Jurema Werneck (Foto: Acervo Geledés Instituto da Mulher Negra/ Alma Preta)

Jurema Werneck é médica (UFF), tem mestrado em Engenharia de Produção (UFRJ), doutorado em Comunicação e Cultura (UFRJ) e uma longa trajetória de luta no movimento de mulheres negras e pelos direitos humanos. A entrevistada do mês de março do Observatório de Análise Política em Saúde (OAPS) fala sobre o ativismo das mulheres negras – “[…] existe um silenciamento sobre a maior quantidade deste ativismo que ainda não se olha, porque afinal não é classe média, não fala a língua daqueles que querem ouvir” – e a falta de políticas públicas para enfrentamento do racismo no Brasil. Diretora executiva da Anistia Internacional Brasil, Werneck destaca também a importância de manter pressão para que sejam dadas respostas sobre a morte de Marielle Franco. Na entrevista, a pesquisadora em saúde da população negra critica ainda o apagamento do papel dessa população nas narrativas sobre a luta pelo direito à saúde no Brasil: “O apagamento da história negra, da história dos marginalizados é uma forma de descrever o racismo no Brasil. Enquanto há racismo se apaga a mobilização negra para construir uma das melhores políticas de justiça e equidade que foram construídas no ocidente. Até porque essa camada da população foi tão influente, que até hoje tenta se tirar da mão dela o ganho. O SUS nunca chegou de verdade para essa população. Mas assim, movimento social é luta. A gente que não tem que abrir mão. Que grupos em privilégios se apropriem da nossa história é a história da humanidade. Mas nossa obrigação é contar a história como ela aconteceu. E provando para nós que nós estivemos lá”. Boa leitura!

Por  Inês Costal e Patrícia Conceição. do Análise Política em Saúde

Observatório de Análise Política em Saúde (OAPS): A Anistia Internacional tem cobrado respostas sobre a morte de Marielle Franco, a exemplo do documento publicado no mês de fevereiro que lista perguntas que instituições públicas e autoridades devem responder sobre o assassinato da vereadora. O que significa quase um ano sem que os responsáveis pela morte sejam levados à justiça?

 

Jurema Werneck: É preciso lembrar que acima de tudo Marielle Franco era uma defensora de direitos humanos. As ameaças, ataques e homicídios de defensores de direitos humanos são temas sobre os quais a Anistia Internacional atua historicamente no Brasil e no mundo. A Anistia é uma organização imparcial e independente e, justamente por isso, não iria deixar de atuar sobre um caso relevante como o assassinato da defensora de direitos humanos Marielle Franco apenas porque ela também tinha uma atuação na política partidária.
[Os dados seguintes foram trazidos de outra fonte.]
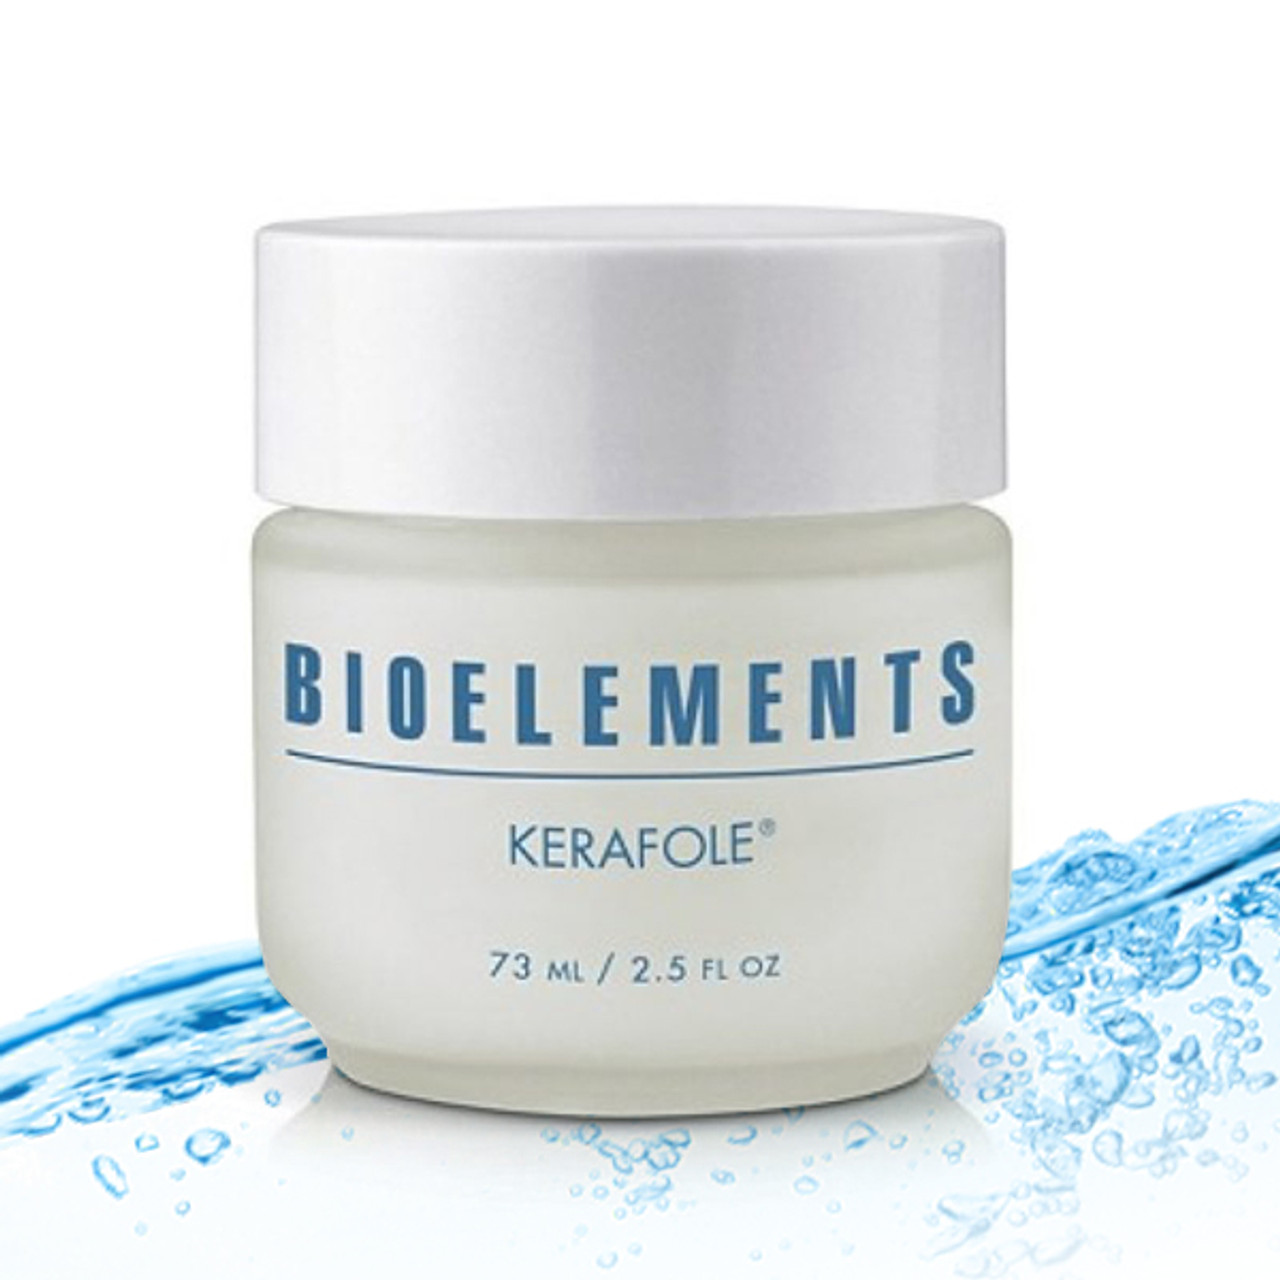 Bioelements Kerafole - 2.5 oz

Após mais de um ano as autoridades apresentaram os supostos executores, mas a família de Marielle, a sociedade civil, e a Anistia Internacional como parte dela, continuarão cobrando das autoridades responsáveis respostas sobre as perguntas que estão em aberto, além é claro das duas principais: quem mandou matar Marielle Franco e Anderson Gomes e o porquê?

 

OAPS: Você já declarou que Marielle era uma ativista de destaque, uma pessoa “solar”, resultado da mobilização de várias pessoas, do morro. Como foi saber do assassinato e como tem sido acompanhar as investigações?

 

Jurema Werneck: Foi muito doloroso saber do assassinato da Marielle Franco e do Anderson Gomes, naquela noite de 14 de março de 2018. Por tudo que representa em termos e mesmo após um ano, com toda visibilidade e repercussão, no Brasil e no mundo, ainda não sabemos quem mandou cometer este crime. Foi um assassinato de alto perfil e nesses casos podem haver diversos tipos de interferências externas. Esse risco existe e é por isso que é muito importante toda a pressão da sociedade e dos movimentos da sociedade civil organizada como um todo sobre o Estado para que haja uma condução correta e adequada para que se saiba a verdade sobre o que aconteceu. A Anistia Internacional tem cumprido neste momento o papel que lhe cabe, que é seguir mobilizada, em primeiro lugar, cobrando uma investigação imparcial, que chegue à solução correta do caso e que identifique os verdadeiros responsáveis pelo assassinato; e, em segundo lugar, mostrando a necessidade da criação de um mecanismo independente e imparcial de monitoramento das investigações.

 

OAPS: Diversas pesquisas e especialistas indicam a falta de compreensão e a depreciação do trabalho pelos Direitos Humanos no Brasil. Nessa perspectiva, qual o impacto da eleição de um presidente de extrema direita, que fez diversas declarações em apoio à ditadura, à prática de tortura e ao fechamento do Congresso Nacional (além de homenagear o coronel Carlos Alberto Brilhante Ustra) e que considera demandas políticas de grupos como LGBTTs, mulheres e negros como “coitadismos”?

 

Jurema Werneck: A agenda do presidente durante sua campanha foi abertamente anti-direitos humanos e o que vimos é que frequentemente foram feitas declarações discriminatórias sobre diferentes grupos da sociedade.

 

Por todo histórico de suas declarações e ações, nos primeiros meses de governo isso representa sim uma ameaça à boa parte da população brasileira: povos indígenas, quilombolas, comunidades rurais, pessoas LGBTQI, jovens negros, mulheres, ativistas e organizações da sociedade civil. Estamos atentos aos passos das autoridades em nível federal e seguiremos mobilizados tanto no Brasil quanto em todo mundo para que nenhum retrocesso em direitos humanos seja permitido.

 

OAPS: Você destaca a importância da escuta das vozes das mulheres negras para transformar a sociedade e o Estado. Como avalia o caminhar do ativismo das mulheres negras hoje: esse ativismo é mais forte e tem encontrado mais espaços de repercussão? Quais as principais pautas de luta em meio a tantas desigualdades no que diz respeito à violência, acesso a serviços de saúde e representatividade política, por exemplo?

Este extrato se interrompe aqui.